- The Washington Times - Thursday, January 16, 2014

If the skeptics are correct, President Obama is about to embrace and endorse many of the controversial national-security tools and tactics introduced by his predecessor, despite railing against those policies while campaigning for the Oval Office in 2008.

Expectations for Friday’s long-awaited address, in which Mr. Obama will outline changes to U.S. spying, surveillance and data-collection efforts, are exceedingly low among privacy advocates and others.

They expect the president, while paying lip service to the notion of privacy protections and limited government power, to continue the practices first established by the Bush administration in the aftermath of the Sept. 11, 2001, terrorist attacks.

Mr. Obama’s shift shouldn’t come as a surprise, political analysts say, and can be partly attributed to the fact that it’s simply difficult for a president to ever give up authority, especially if that authority is meant to protect American lives. It also may come from the fact that the president fears being viewed by history as the commander in chief who curtailed intelligence-gathering only to see a terrorist attack occur, said William Howell, a politics professor at the University of Chicago who has written extensively on presidential power.

“When you’re running for office, you may espouse the benefits of a limited executive, but when you assume office, there are profound pressures to claim and nurture and exercise authority at every turn and not to relinquish the powers available to you,” Mr. Howell said.

Leading up to and during his 2008 presidential campaign, Mr. Obama made it a point to separate himself from Mr. Bush on the national security front, but there remain many notable similarities.


SEE ALSO: Under pressure, White House to unveil key surveillance report


Guantanamo Bay still is operational, despite repeated pledges from the president that he’d close the U.S. detentional facility in Cuba and house enemy combatants elsewhere.

Mr. Obama has dramatically increased the use of drones to target terrorists abroad — a step the administration vehemently defends as being quicker, more effective and far less dangerous to American personnel than sending in ground troops.

U.S. surveillance efforts, rather than having been reined in, have in some ways expanded. In the process, they have caused Mr. Obama significant foreign policy headaches.

After campaigning on the notion that he would repair America’s standing in the world, Mr. Obama has found himself putting out fires with other global leaders.

Figures such as Brazilian President Dilma Rousseff have condemned U.S. surveillance programs, and Mr. Obama personally spoke to German Chancellor Angela Merkel after reports surfaced that the NSA had tapped her cellphone.

The White House never denied that it took place, but promised such bugging isn’t happening now and will not take place in the future.

That revelation, and seemingly never-ending reports of previously unknown NSA spying efforts, have led privacy advocates — who had expected dramatic changes under this president — to turn their fire on Mr.
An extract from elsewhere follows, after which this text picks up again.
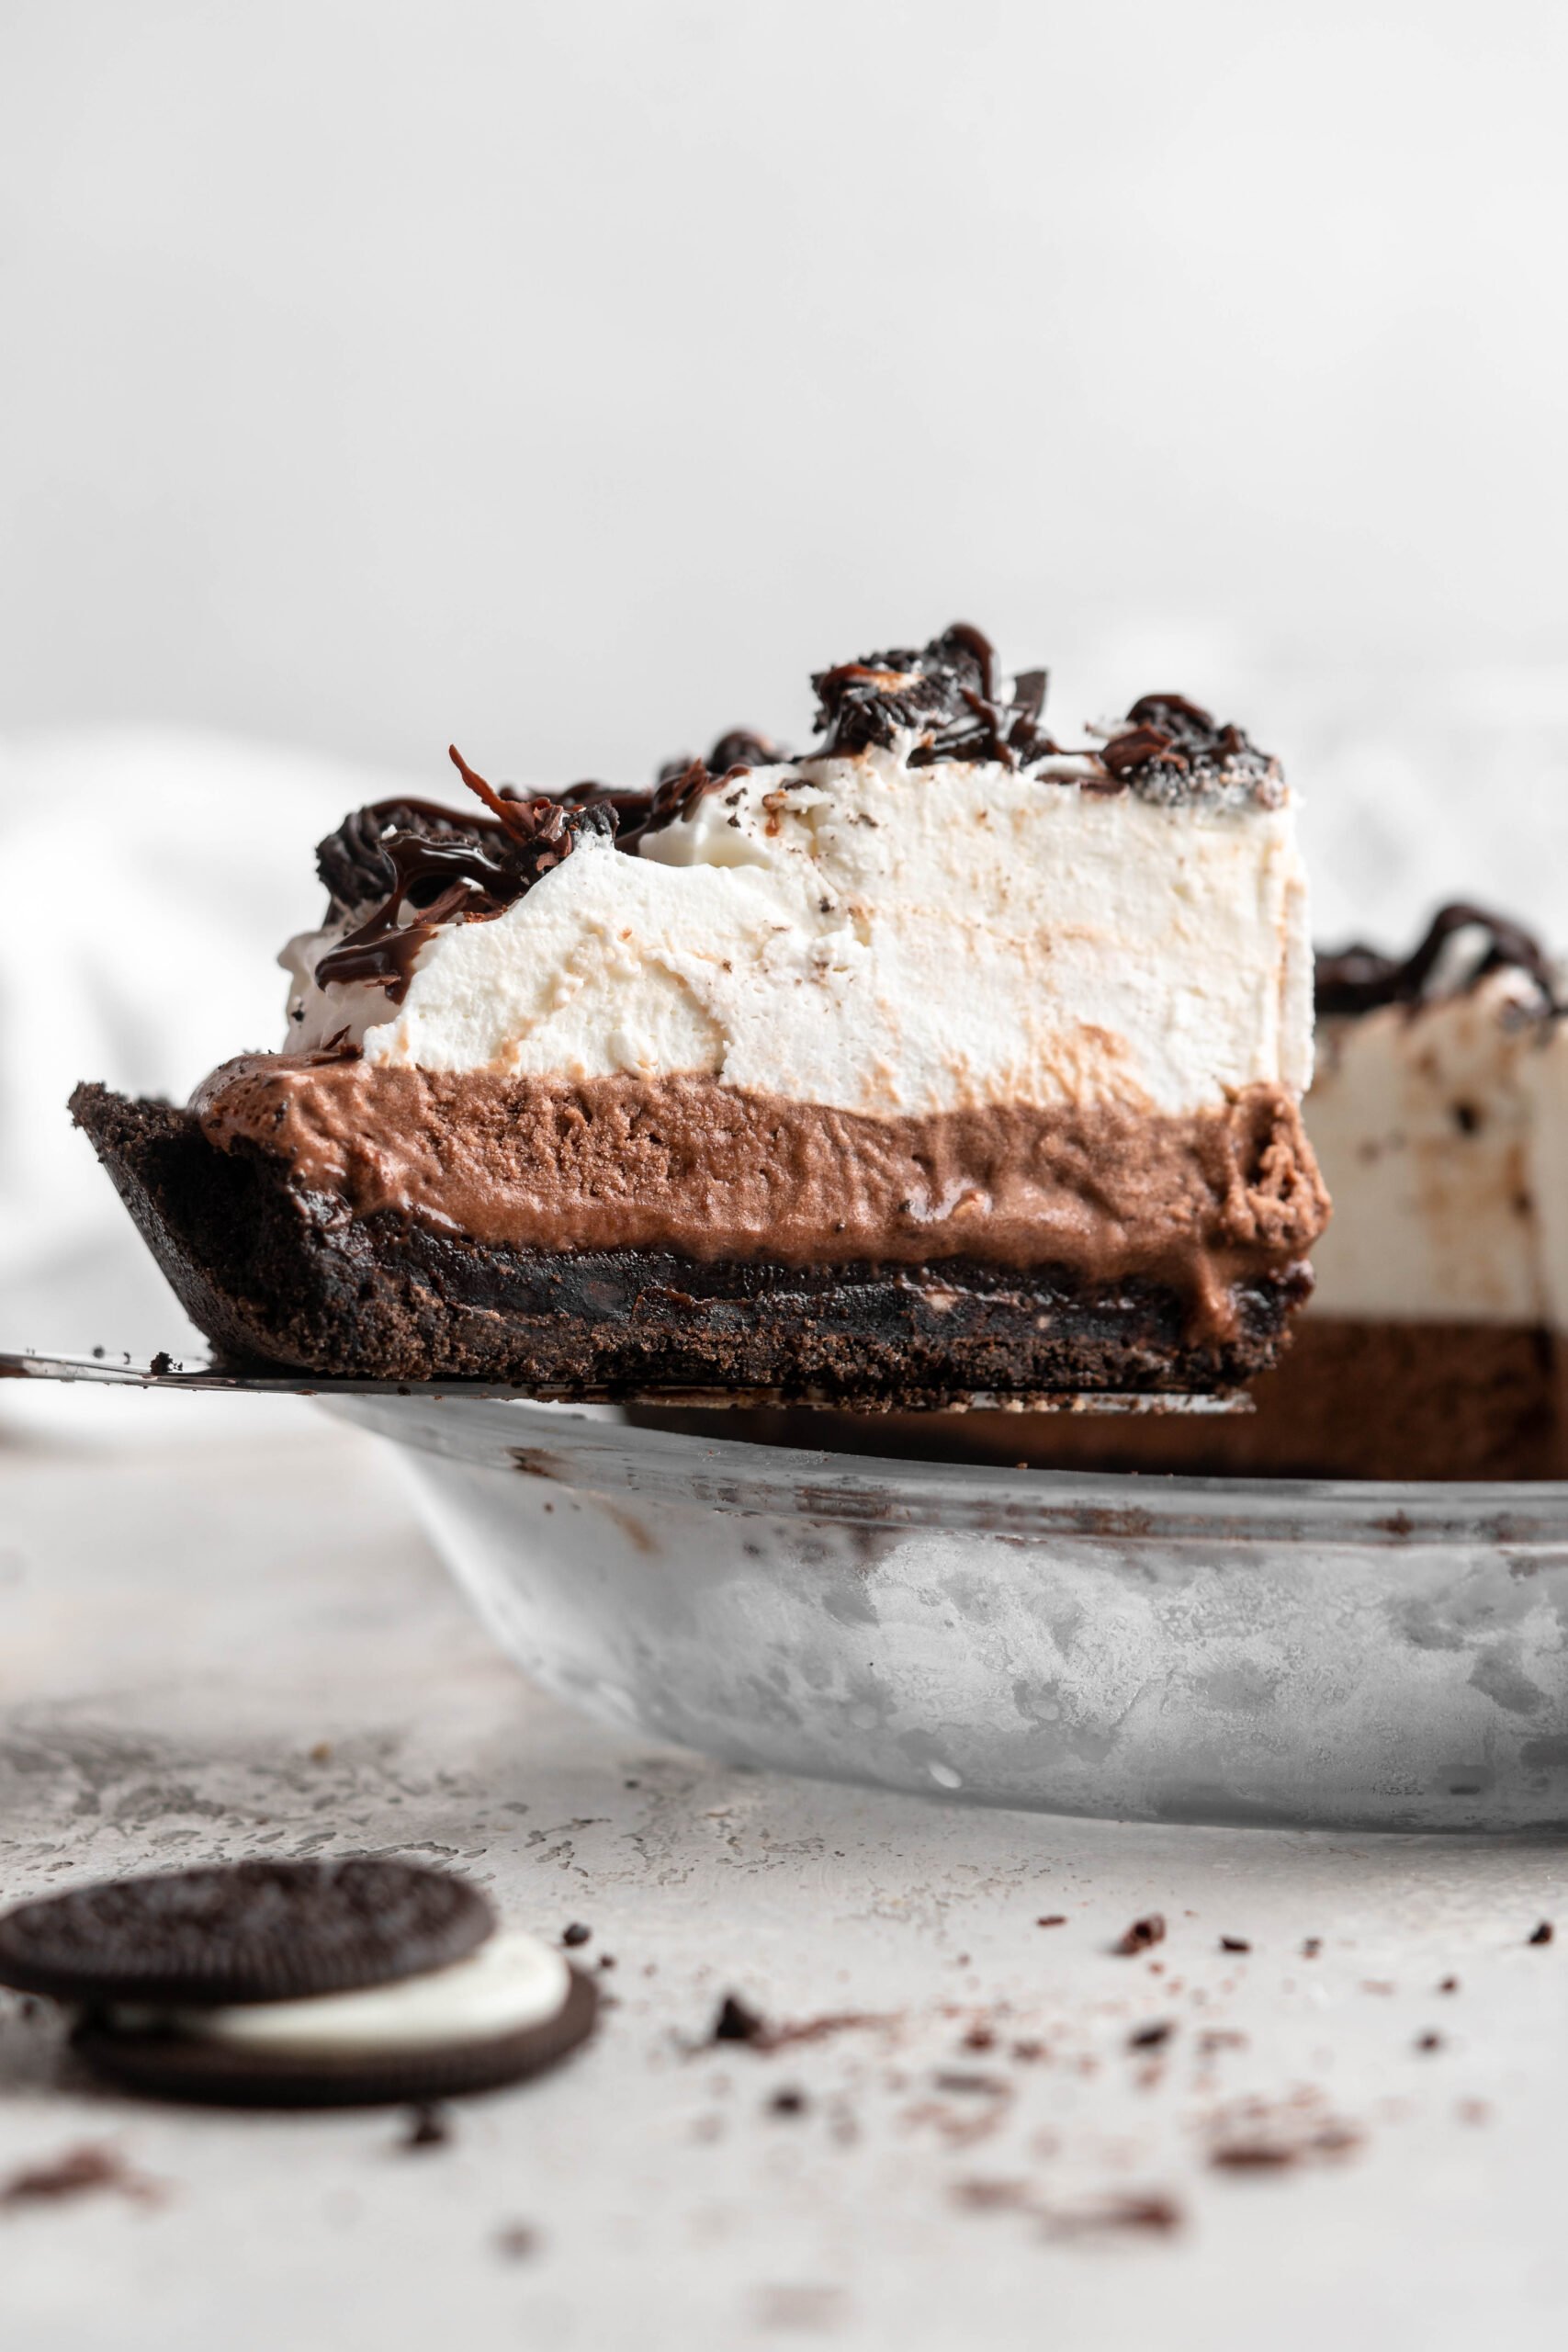 How To Make Old-Fashioned Texas Mud Pie

Obama.

“President Obama’s trajectory on these issues, from reformer to supporter of these programs, has been very dispiriting to those of us who are concerned about these programs and would like to see them reined in,” said Kevin Bankston, policy director for the Open Technology Institute at the New America Foundation. Mr. Bankston and other privacy advocates hosted a conference call in advance of the president’s Friday remarks.

Other organizations are eyeing Feb. 11 as a day of action, where websites such as Mozilla, Reddit and others will host banners asking visitors to call or email Congress and demand true reforms to the NSA.

“This is not a debate the president wanted. This is a debate that was thrust on him by public outcry when the extent of the global spying regime was revealed,” said David Segal, executive director of the civil liberties advocacy group Demand Progress, which is organizing the Feb. 11 event, dubbed “the day we fight back.”

That event, Mr. Segal said Thursday, won’t target Mr. Obama if he outlines real, substantive reforms in his Friday address.

The speech, which Mr. Obama will deliver from the Justice Department, comes as a direct response to recommendations put forth by a hand-picked White House panel. The five-member group was formed following the bombshell leaks of former National Security Agency contractor Edward Snowden and was charged with reviewing all aspects of U.S. surveillance and data-collection efforts.

Last month, the panel released a comprehensive report including 46 specific recommendations for how the U.S. should overhaul its policies. Just one of those recommendations — to decouple the NSA and the Pentagon’s cyberwarfare arm and put a civilian atop the NSA for the first time — has been rejected outright.

The White House maintains the president is open to the remaining 45 points, though press secretary Jay Carney refused to give any previews of what the president may say Friday.

“I think the best thing to do for us and for lawmakers is to wait and see what the president has to say tomorrow about the reviews that have been conducted and the recommendations he’s analyzed,” Mr. Carney told reporters after repeatedly being pressed for a sneak peek of which reforms the president is likely to pursue.